Open-source research infrastructure for AI-assisted empirical
economics. The substance lives in arcanum-workspace
on GitHub. The descriptions below are high-level overviews; click
through to the repository for the working code.
Accurate extraction of text, tables, equations, and figure descriptions from archival and scanned documents using vision-language (multimodal LLM) architectures. The protocol combines direct agent vision with a retry-and-recovery workflow so that difficult pages are extracted rather than skipped.
Reproducible economic data construction: a staged pipeline that carries a data series from source research through validated replication packages, documentation, and publication. The framework powers the Heterodata data sites, where each constructed series ships with its full provenance trail.
The standardized project and pipeline layout underlying the framework.

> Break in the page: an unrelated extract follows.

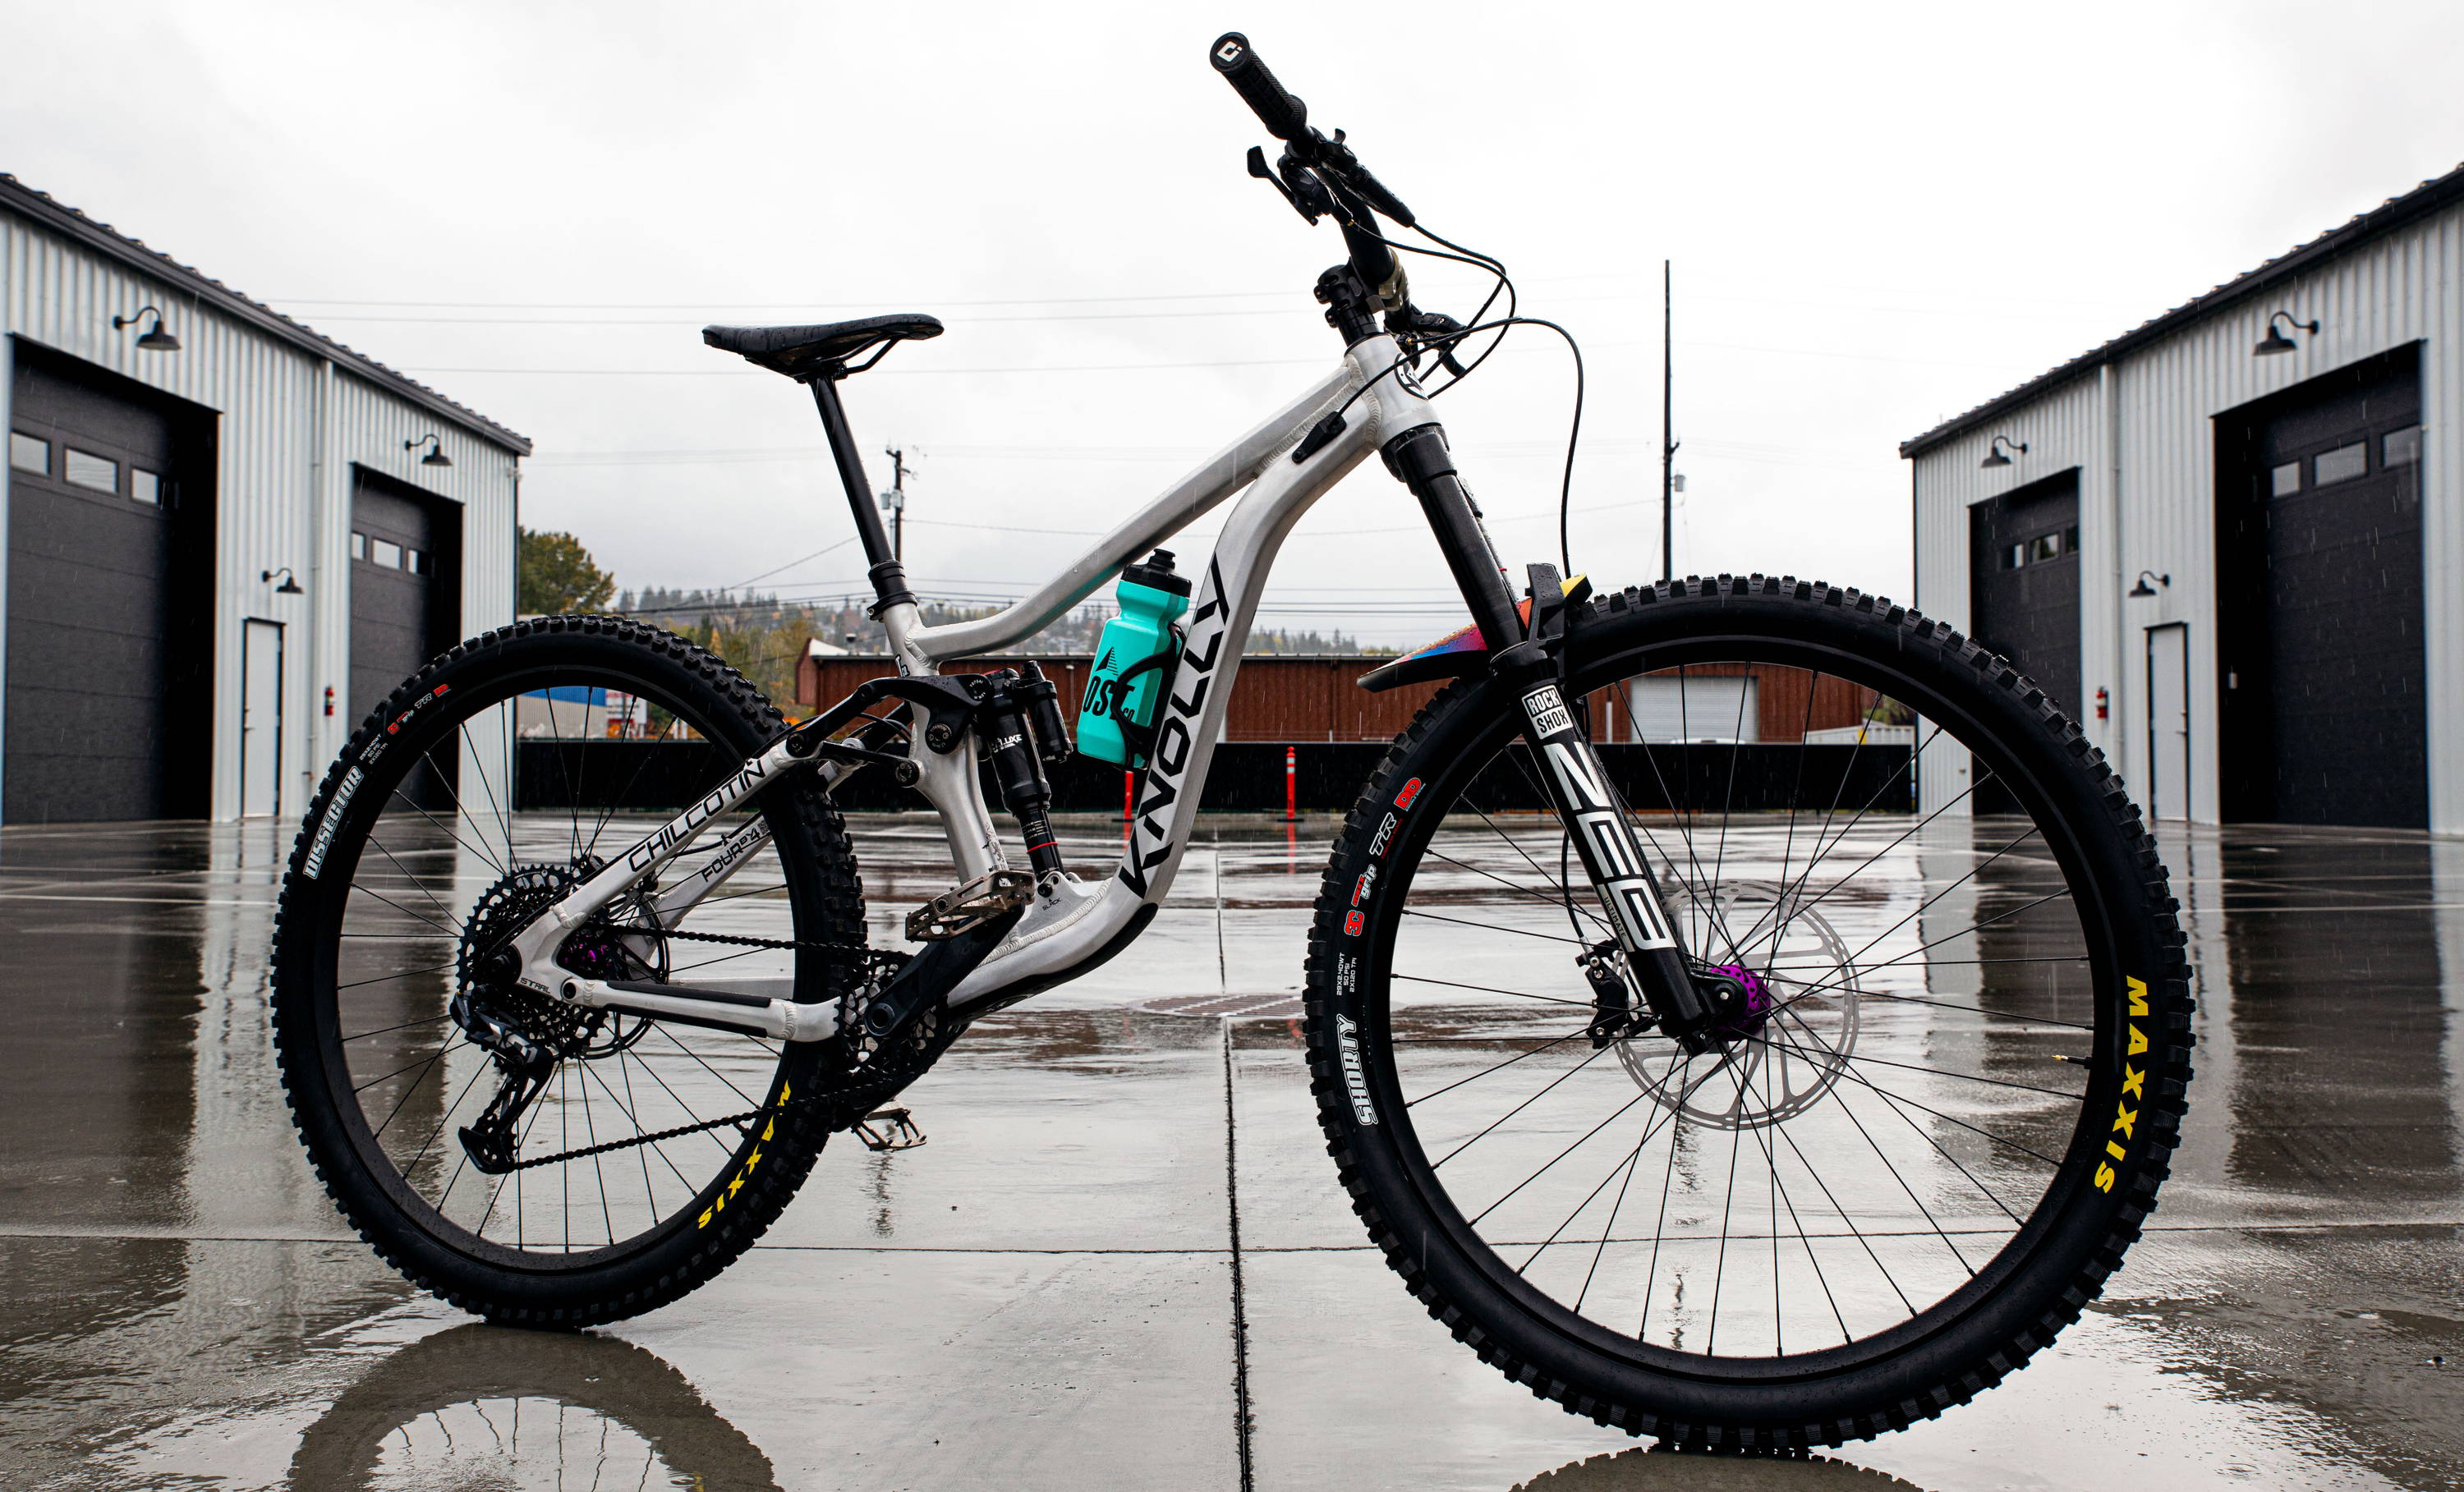 Knolly Chilcotin with RockShox ZEB Super Deluxe Ultimate Maxxis Tires SRAM Drivetrain on wet pavement in industrial space

Staged scripts (load, process, validate, manual adjust, analyze, output) encode the dependency graph in the file system; registries are the single source of truth; provenance records make every value traceable. Anyone reading the directory can reconstruct how the data was built.
The Claude Code-based research workspace and tooling that orchestrates all of the above. It collects the skill templates, workspace standards, and supporting infrastructure used across my research projects.
Empirical economics done with AI assistance can produce work that other researchers cannot reproduce, audit, or extend. The tools above are an attempt to do AI-augmented research without sacrificing the standards the discipline expects. They are open-source because the underlying research questions are, and the infrastructure required to ask them properly should be too.